As mentioned before, the logic has a command handling procedure and a scientific data acquisition procedure. In the FPGA logic, each procedure is implemented by a finite-state machine (FSM). The FSM controls the peripheral devices and needs the feedback signals from peripheral devices for state transformation. In space, SEU happening in the FSM or loss of peripheral device signals may lead the control part or the scientific data acquisition part into an infinite loop status, at which the system cannot work properly and needs to be reset. However, it is not necessary to reset the whole system if only parts of the logic are under infinite loop condition. Therefore, multi-domain reset and multi-level reset are adopted in FPGA design.

As shown in Fig. 5, four reset signals are used in the logic design, including hw\_rstn, soft\_rstn, cmd\_path\_rstn, and sci path rstn. Hw rstn is the hardware reset signal which comes from the external reset chip. It resets all registers and RAMs to their default values and is used to initialize the FPGA when powering on. Soft rstn comes from the reset command and resets all registers and RAMs except a shifter which is used in command reset. Cmd\_path\_rstn and sci\_path\_rstn are used to reset the control part and the scientific data acquisition part, respectively.

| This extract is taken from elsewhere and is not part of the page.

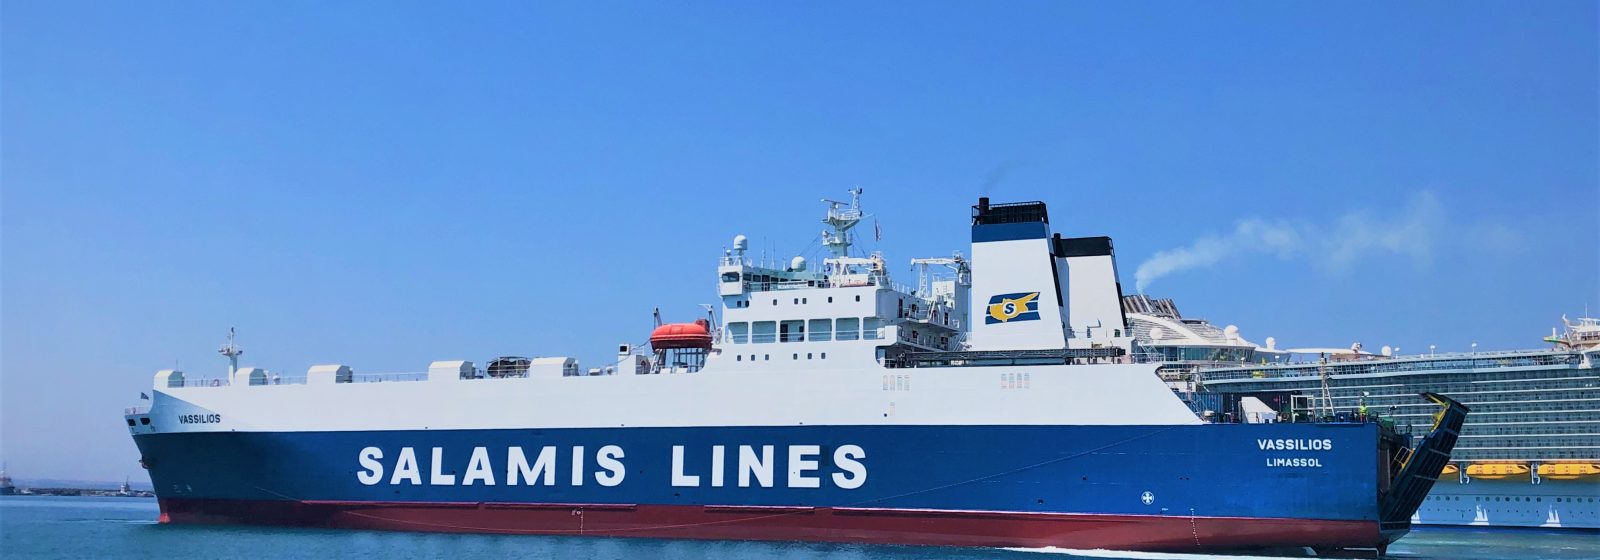 Het roroschip 'Vasilios' van Salamis Lines in Limassol

When a data acquisition process begins, a timer starts to count. If the data acquisition process does not finish in 1 ms, which is about 1.5 times as long as the time of a normal scientific data acquisition procedure, the sci\_path\_rstn becomes active and resets the scientific data acquisition part automatically. This is the principle of sci\_path\_rstn, and cmd\_path\_rstn works in a similar way. These two reset signals prevent the system from entering infinite loop status and guarantee that a SEU happening in the previous process does not influence the next one. Besides, when the scientific data acquisition part and the control part are idle, the reset signals are active and set the two parts into reset state, which can effectively avoid the influence of SEU.

# *C. TMR and CRC*

As mentioned before, most of the registers in the logic belong to the control part or the scientific data acquisition part. They are reset when the procedure is done. However, in the status part, there are some key registers and RAMs which are used as system operating settings and need to be valid all the time. The TMR technique is used in these vital registers and RAMs to make sure that their values are correct.



Fig. 6. TMR structure of va\_cfgreg.

Fig. 6 shows the TMR structure of va\_cfgreg, which is one of the key registers in the FPGA. In the structure, each replica is a DFF and the voter consists of combinational logic circuits. The input of each DFF is connected with a 2:1 multiplexer, which decides whether the outside signal or the voter result is the input of the DFF. When the register does not need to be rewritten, the voter result is chosen as the inputs of the three DFFs and their values are refreshed by the voter result at each rising edge of clock signal. Therefore, if SEU happened in one DFF, the voter result, which is decided by the majority of the three DFFs, is still correct and the wrong value would be refreshed by the correct value immediately.

To avoid multiple bit upset (MBU) happening in two or three replicas of one TMR unit, before automatic placement and routing, three replicas are manually set in different physical areas.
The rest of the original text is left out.